Weeding the Employee Garden
Even if you do a great job of hiring and developing your employees, there will be occasions when some will not perform up to your expectations. More than any other problem, today’s business owners are burdened by many employees who aren’t capable of moving the company forward. Unfortunately, these are often people who have been with the business owner for a long time, maybe even from the very beginning. And, they’re often family members!
No matter who they are, if any employees are not capable of moving you forward after you’ve made a genuine effort to develop them, you MUST make a change!!! If you had a machine that wasn’t performing, you’d replace it with a better one as soon as you could. Why, then, would you allow someone to continue performing a function that he or she is no longer capable of doing effectively? The answer is not a simple one. Nor is it easy to make a change when you may have a close personal relationship with (or may be related to) the employee in question. But consider the effect that this situation might be having on others in your organization who resent it, and whose performance might be slipping because of it.
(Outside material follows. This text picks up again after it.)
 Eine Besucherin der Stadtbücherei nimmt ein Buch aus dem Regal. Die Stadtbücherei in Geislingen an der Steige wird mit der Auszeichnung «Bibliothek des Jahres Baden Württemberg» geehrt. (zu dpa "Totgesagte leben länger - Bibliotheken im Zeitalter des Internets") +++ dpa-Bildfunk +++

It doesn’t mean that the sub-standard performer needs to be terminated. In fact, remember that you are probably the one who promoted him or her to the current position, so you are partly to blame for the situation. The right thing to do is first look for another position in the organization where this person will be productive, which is likely to be at least one level below his or her current level. Of course, this often means a reduction in salary, but keep in mind that you must be fair to others in the organization by keeping compensation in alignment.
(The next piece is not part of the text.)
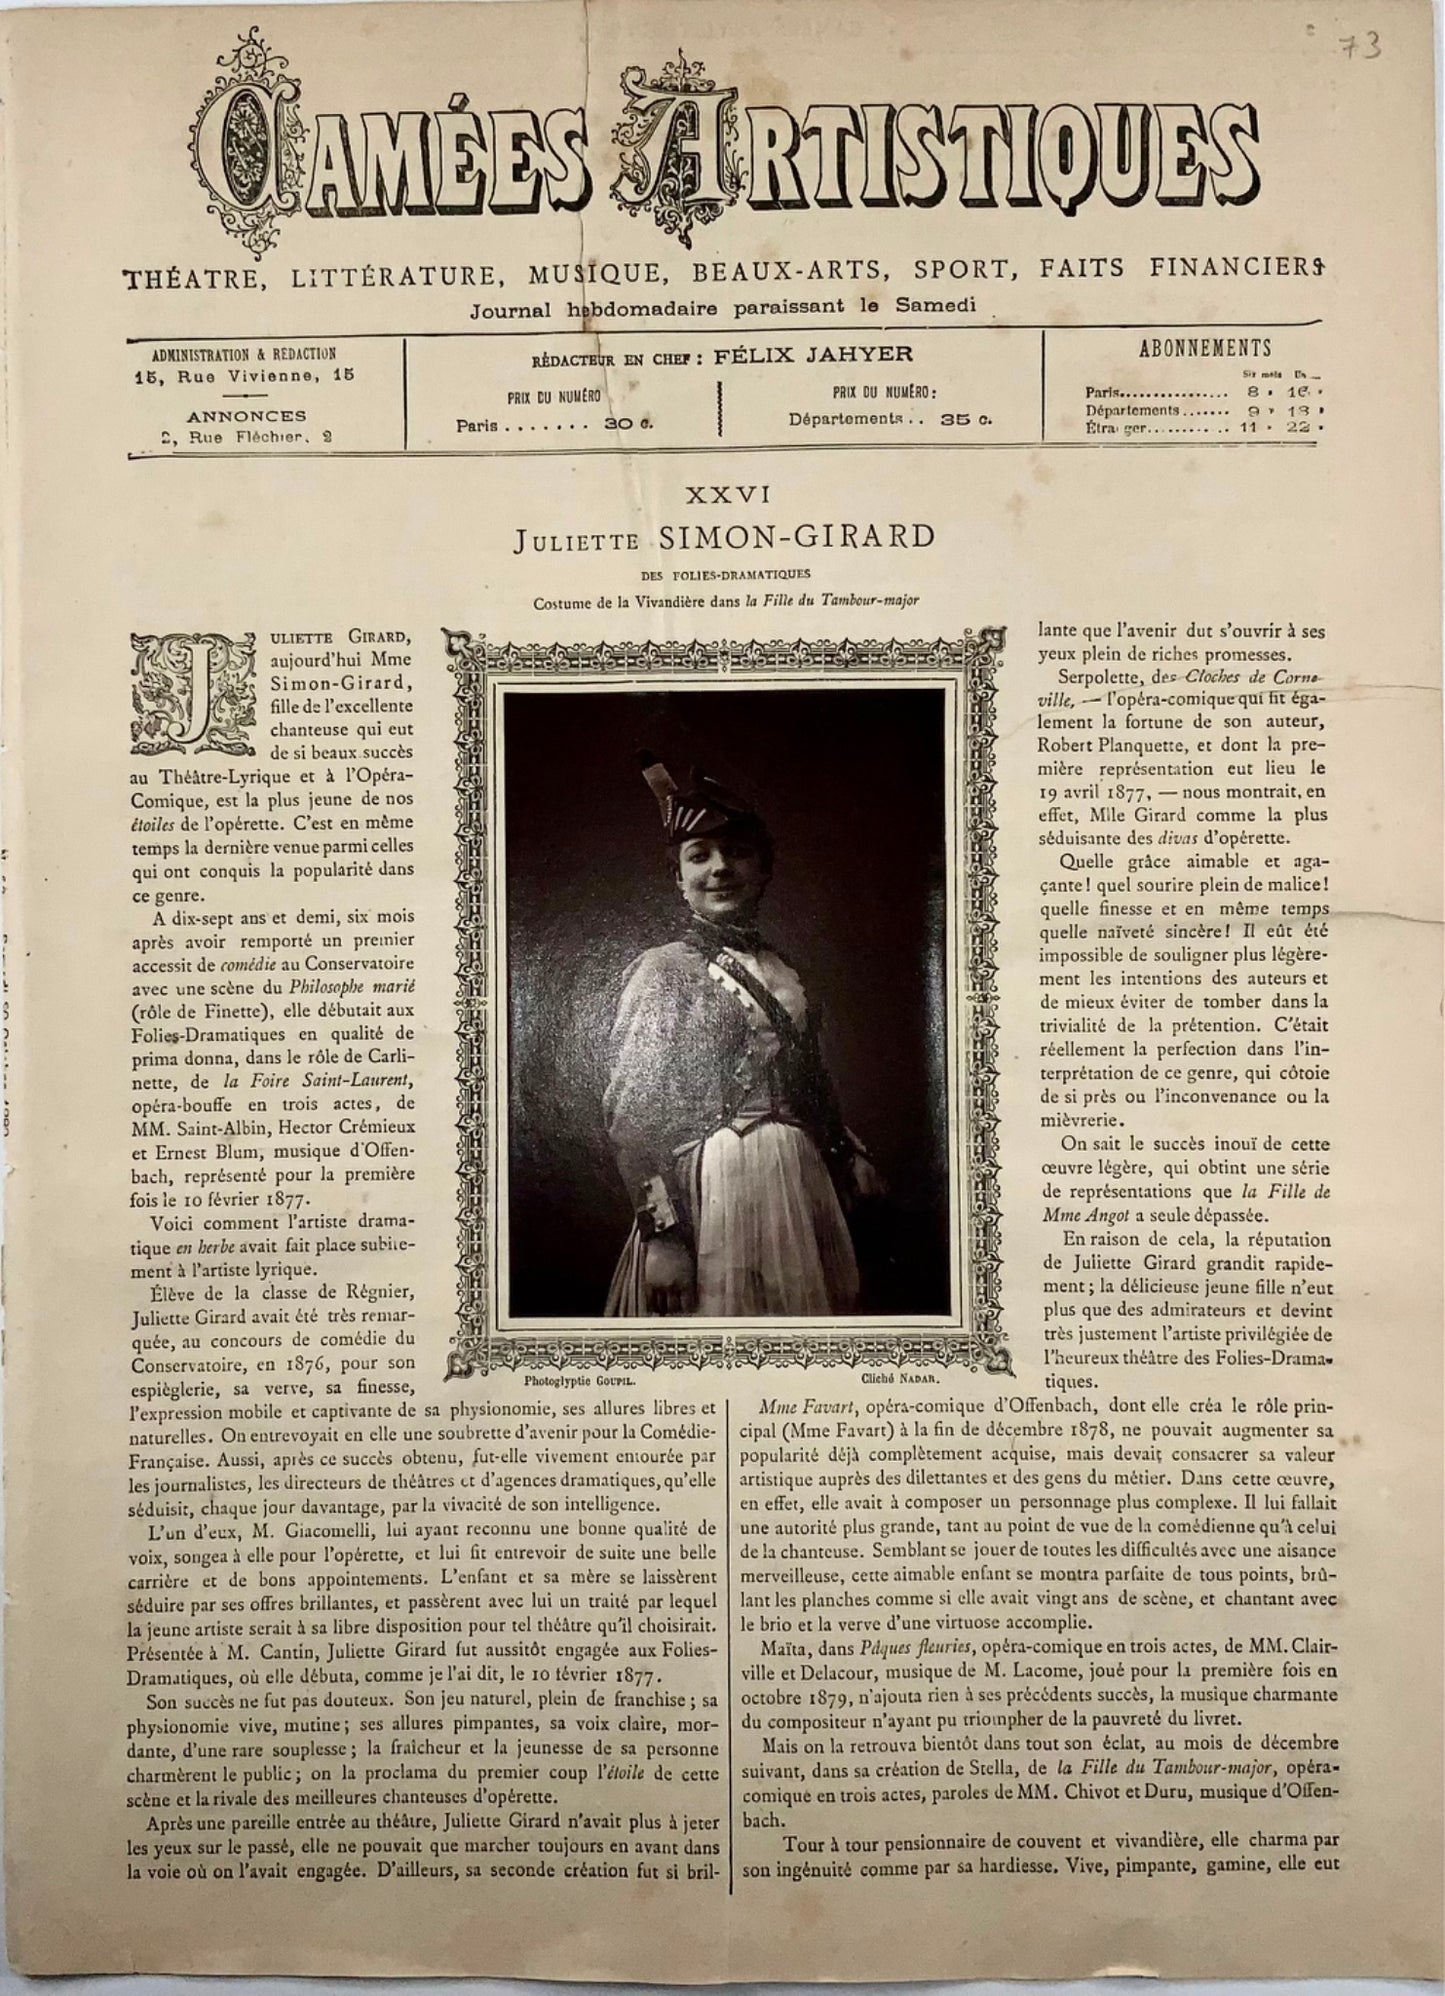 1887 Juliette Simon-Girard, Camées Artistiques con fotografia, giornale

Make the substandard performer part of the solution. Meet with the employee to discuss his or her performance. Establish quantifiable objectives (standards of performance) that you expect the employee to meet, and then ask the employee what help he or she needs from you in order to meet those objectives. It’s important that you both agree on the objectives, that you establish a reasonable time frame within which those objectives are to be met, and agree on progressively more severe consequences if those objectives are not attained. Do this while sitting on the same side of the desk, so that the employee knows that you truly want him/her to succeed, and that you’ll provide whatever help is necessary. Surprisingly, many employees respond by meeting the goals, but most often this is only a temporary phenomenon. In the end, the vast majority fall short, are demoted or terminated, or leave on their own very soon after you first meet with them. The bottom line is that you have been fair.
Of course the best advice is to avoid over-promoting people. Always ask yourself what type of person you’ll need in that job when your business grows by 50% to 100%. Then, select the very best candidate available, whether from inside or outside the company.
How do you know if an employee has been promoted beyond his or her capability? You can usually tell by the way they accept responsibility, authority, and accountability. If you find you have to keep going back to an employee to make sure something is getting done correctly, or if the employee keeps delegating responsibility back to you, then there’s a problem. You hear a lot today about “empowering your employees,” but you can’t empower them if they’re not capable of accepting the empowerment.
No matter how much care is taken to put the right people in place, there will still be occasions when there is no choice but to remove an employee. This is especially difficult in family businesses where relatives are often still on the job in spite of unacceptable performance.
The longer you tolerate a personnel problem, the harder it is to handle it. It’s unfair to other employees if you don’t hold all people to the same high standards of performance. If you find that good employees are leaving you, but the mediocre or sub-standard performers are hanging around, then you have a real problem.
If your organization is one that rewards people for longevity rather than performance, it’s only a matter of time before you pay the price. While it’s great to have employees who are part of your organization for many years, it’s more important that they can continue to perform well as their jobs become more complex.
Unfortunately, we often see employees continue to perform poorly, but still receive pay increases. If an employee’s performance falls short of the established standards, then no pay increase should be given. Instead, a plan should be created to raise the performance level. If that same employee’s performance falls short again, it’s time for termination. It’s interesting to note that, once employees understand that they will be held accountable, many of the sub-standard performers weed themselves out before having to be terminated. They know the system, and they realize that there will be no more pay raises until they earn them, so they decide that it’s time to move on.
If your organization has effectively utilized job descriptions, measurable standards, and performance appraisals conducted twice each year, it can significantly simplify the process of weeding-out sub-standard performers. If an employee clearly understands that there are specific, measurable standards that must be met, it will come as no surprise when a performance appraisal indicates a problem since the employee will already be very aware that he or she is not meeting the standard.
When terminations are necessary, the dignity of the employee must always be considered. Remember that you, or someone in your company, was responsible for hiring the person in question. That error in judgement is partially to blame for the termination that now must take place.
After laying out the documented, quantitative evidence of sub-standard performance, as well as the efforts that the company has made to assist the employee in meeting the standards, the conclusion becomes very logical and obvious to the employee. It’s then a matter of trying to help the employee decide what career or company might be a good alternative for him or her to pursue. While you might not be able to provide a good recommendation to that person’s next employer, you can certainly offer guidance to the employee.